I thought of turkey enchiladas, turkey manicotti, or turkey tetrazzini, but decided to roam the web for something with Asian flavors and this Serious Eats recipe turned out to be a winner. This time I had cooked the bird breast-side down, so it was especially moist and perfect for shredding. The recipe is based on a popular street food dish in Taiwan and features tender chunks of turkey moistened with a sauce of turkey jus and soy that is fragrant with Sichuan peppercorns and enriched with rendered turkey fat.
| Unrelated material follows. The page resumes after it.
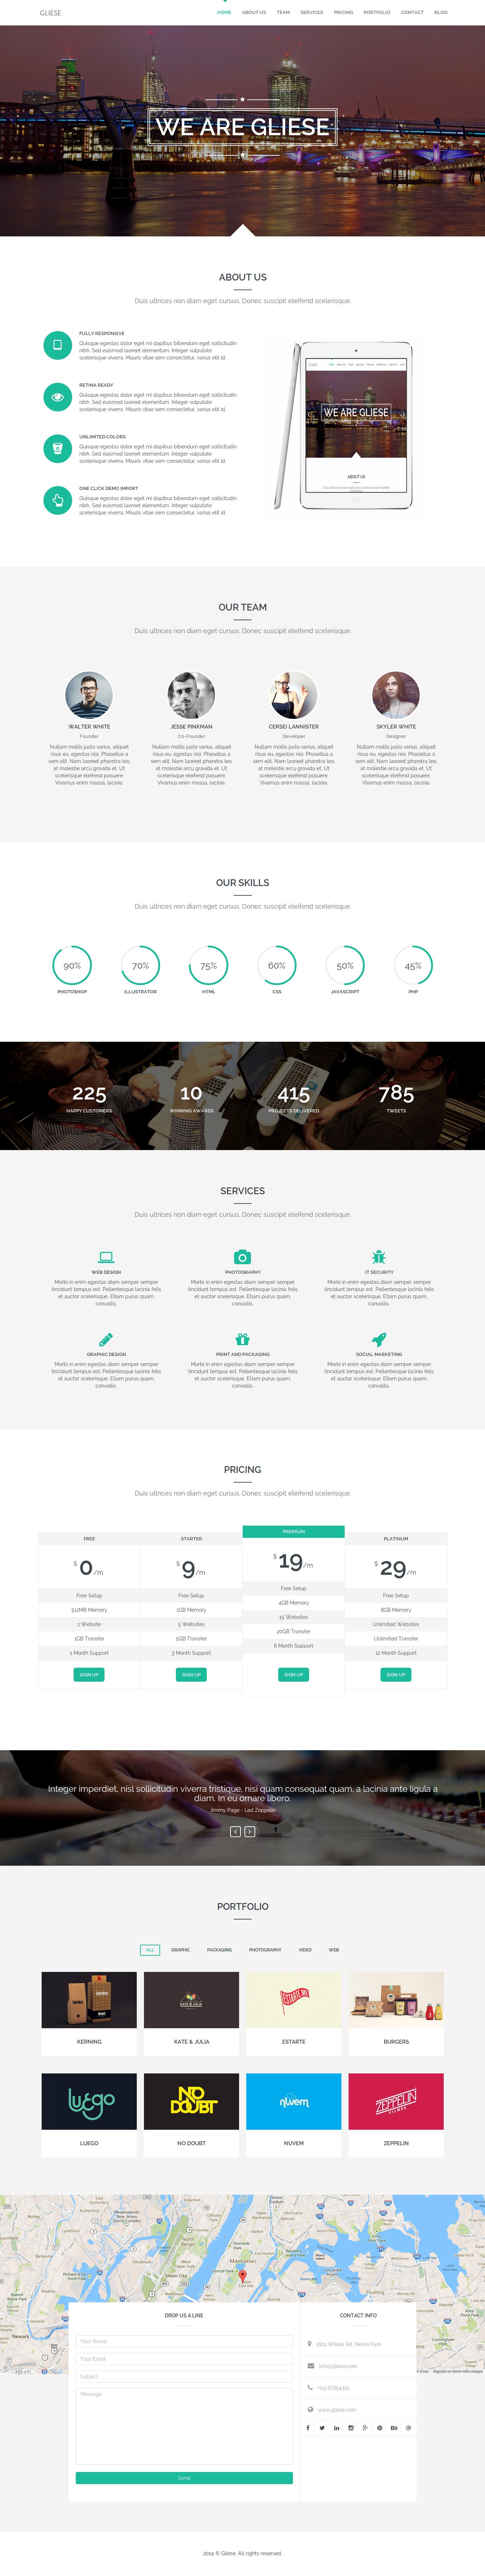 Gliese is a modern and creative WordPress theme, perfect

You’ll want to set aside some turkey drippings just to make this, and next time I’ll also save some crispy skin as a garnish.
Ingredients:
2 cups of shredded turkey meat
3 Tbsp to 1/4 cup of reserved turkey fat from drippings
1/2 cup of reserved roasted turkey juices from drippings
1/2 cup water
1 teaspoon sugar
1 teaspoon soy sauce
1 tablespoon Sichuan peppercorns
Combine reserved turkey fat and and juices from the roasted turkey in a medium pot. Add water, sugar, soy sauce, Sichuan peppercorns, and 1/4 teaspoon each of salt and white pepper. Bring mixture to a simmer, stirring until sugar is dissolved. Continue to simmer uncovered until sauce is reduced by half. Strain into a container or bowl. To serve, top rice with shredded turkey meat. and spoon sauce over. Garnish with fried shallots and cilantro or green onion.
Detailed recipe link here: https://www.seriouseats.com/recipes/2013/11/taiwan-eats-turkey-rice-with-or-without-leftovers-recipe.html
I didn’t have cilantro, so garnished with I’itoi’s onions from my garden.